Sie erklärte ihrer Freundin haargenau was am Abend passiert war, nachdem sie zu Zuhause angekommen war. Wie sie ihr dunkles Zimmer betreten hatte, sich Sachen für die Nacht aus dem Schrank nehmen wollte und dabei das Gefühl hatte einen Schatten zu erkennen. Dass sie kurz darauf den Klang eines Glöckchens und dann ein Kinderkichern vernahm, woraufhin sich kurz darauf ein merkwürdiger Schatten gebildet hatte, der sie in den Spiegel ziehen wollte. Auch dass sie dem Schatten nur entkommen war, weil ihr Vater plötzlich das Licht eingeschaltet hatte, behielt sie nicht für sich. Akane lauschte der Erzählung und Mika beobachtete deren Reaktion genau. Sie konnte erkennen, wie der Braunhaarigen kurz die Farbe aus dem Gesicht wich und sie deshalb sichtbar schluckte, um sich damit etwas zu beruhigen.

„D-Du willst mich veräppeln, oder?“, fragte die Grünäugige nun doch etwas verunsichert.

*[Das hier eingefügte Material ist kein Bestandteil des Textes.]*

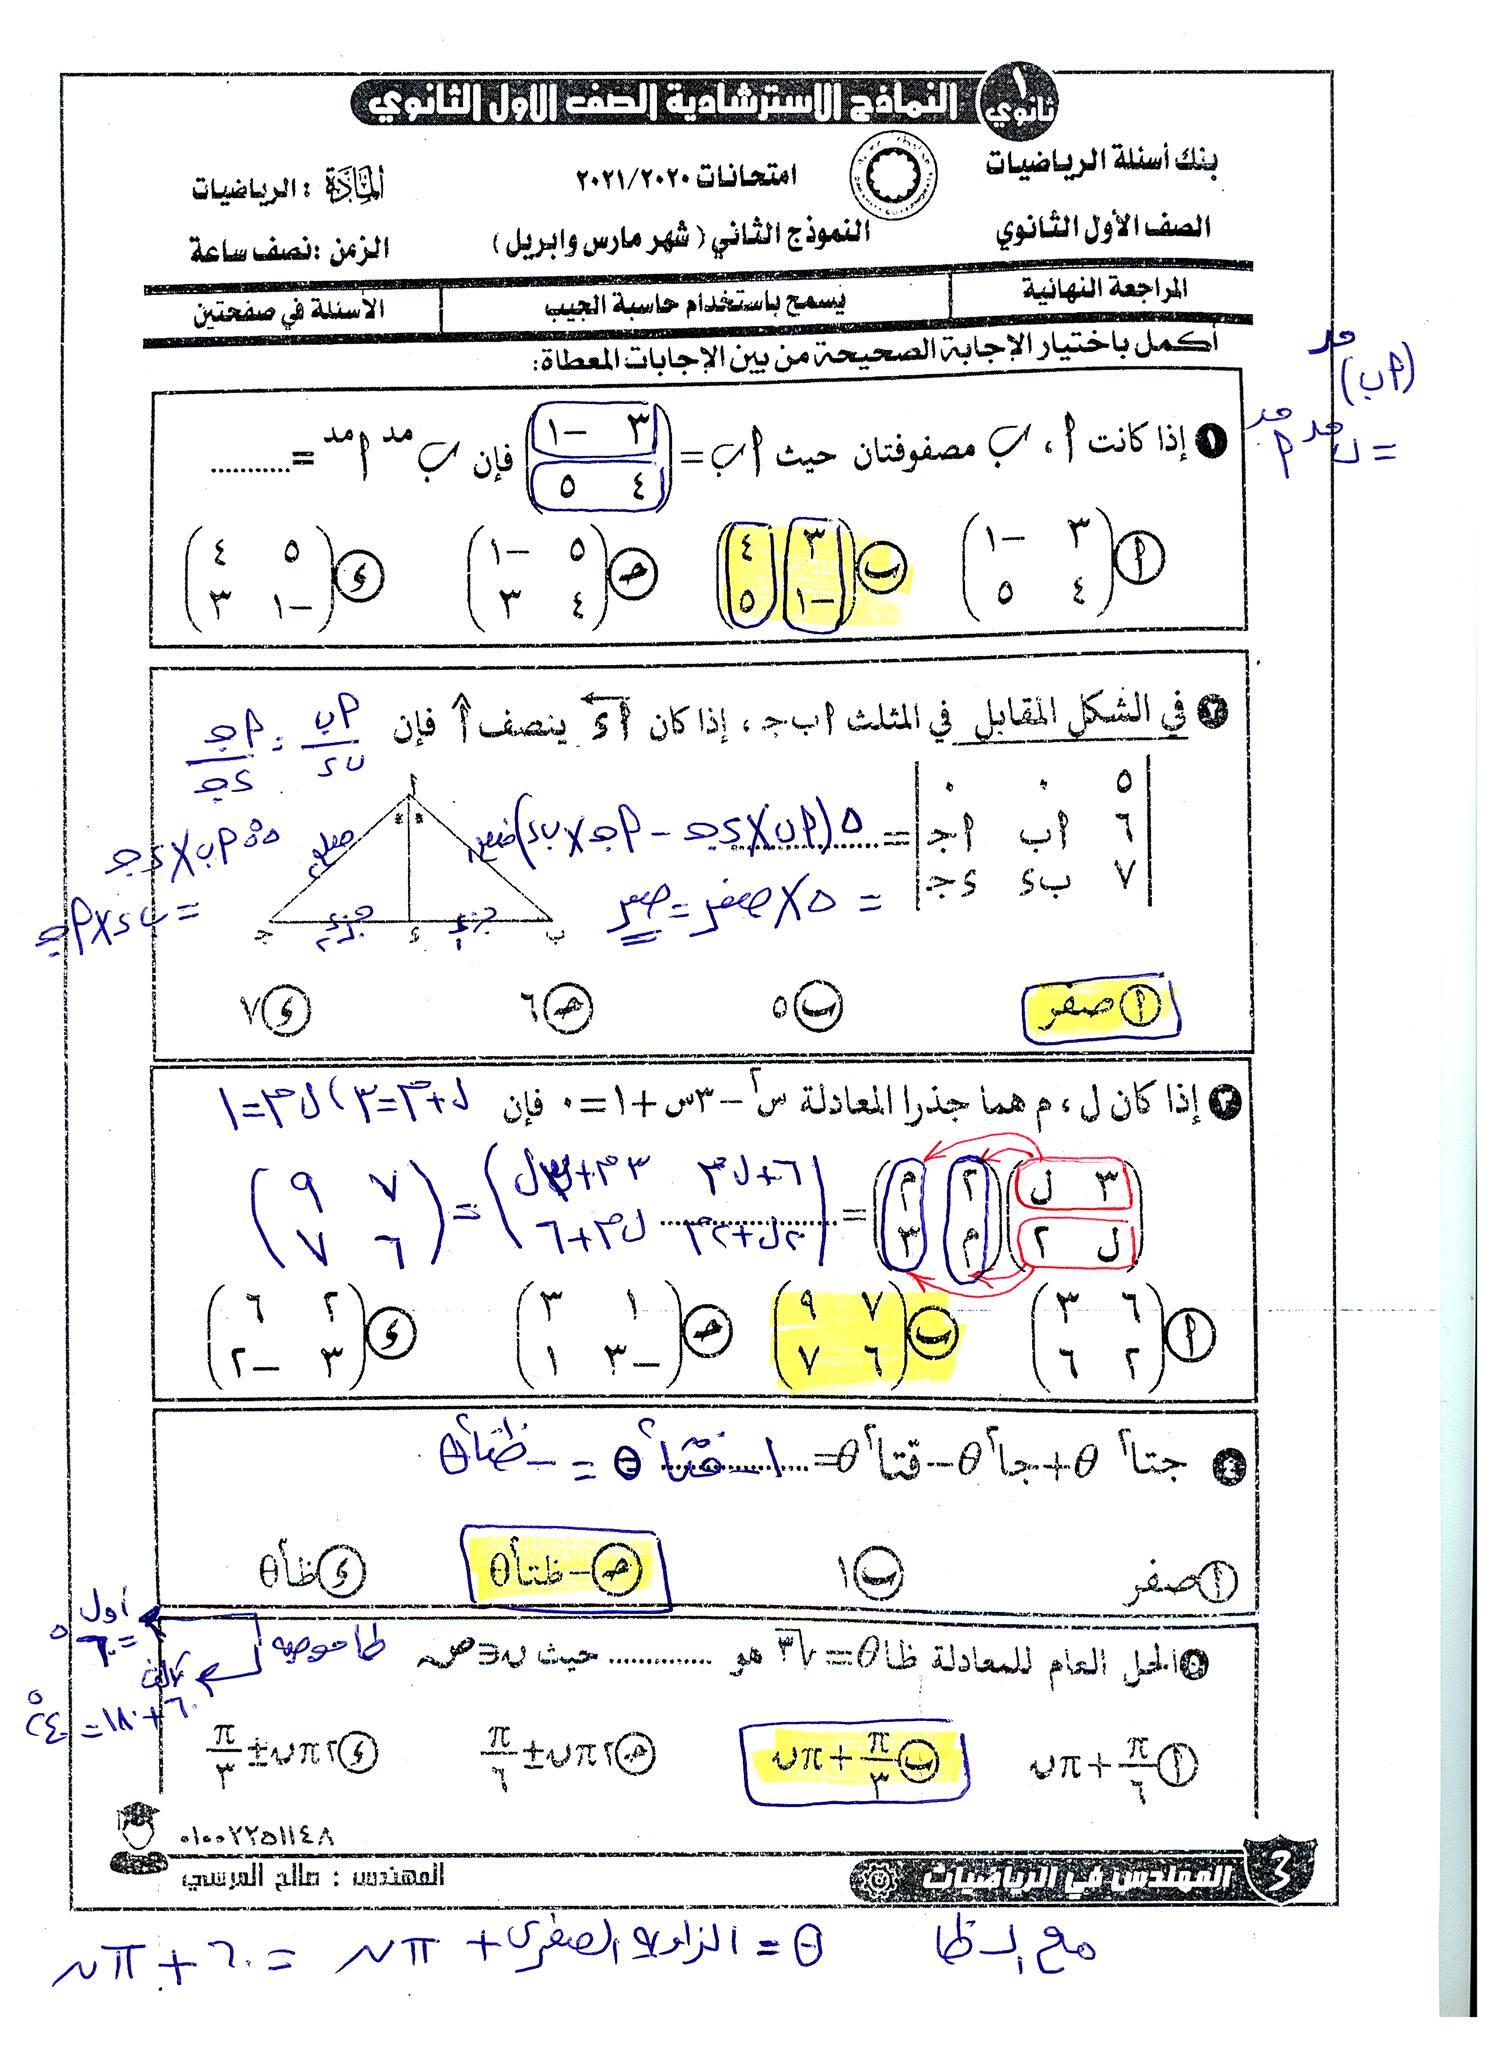 مراجعة ليلة الامتحان رياضيات للصف الأول الثانوي ترم ثاني.. ملخص كامل متكامل للقوانين و حل النماذج الاسترشادية 9

Erstaunt sah Mika ihr Gegenüber an und seufzte dann kaum merklich. War ja klar, das Akane ihr nicht glaubte und zudem hatte sie ihr auch noch Angst gemacht. Deshalb entschloss sich die junge Frau doch wieder zu lügen und setzte ein breites Grinsen auf.

"Du hast mich erwischt.", meinte sie anschließend, woraufhin Akane sie mit großen Augen ansah, "War nur Spaß. Ich wollte dir etwas Angst machen. Es war Nichts. Ich war nur überrascht, dass die Mädchen über so etwas Komisches gesprochen haben."

"Wi-wirklich?", hakte ihr Gegenüber noch einmal nach, woraufhin Mika nur nickte.

Erleichtert atmete die junge Frau anschließend geräuschvoll aus, bevor sie zu ihrer Freundin meinte, dass sie so etwas nicht mit ihr machen dürfte. Die Blauhaarige entschuldigte sich lächelnd und log, dass sie nur die Chance genutzt hatte, weil sie so bedrängt wurde.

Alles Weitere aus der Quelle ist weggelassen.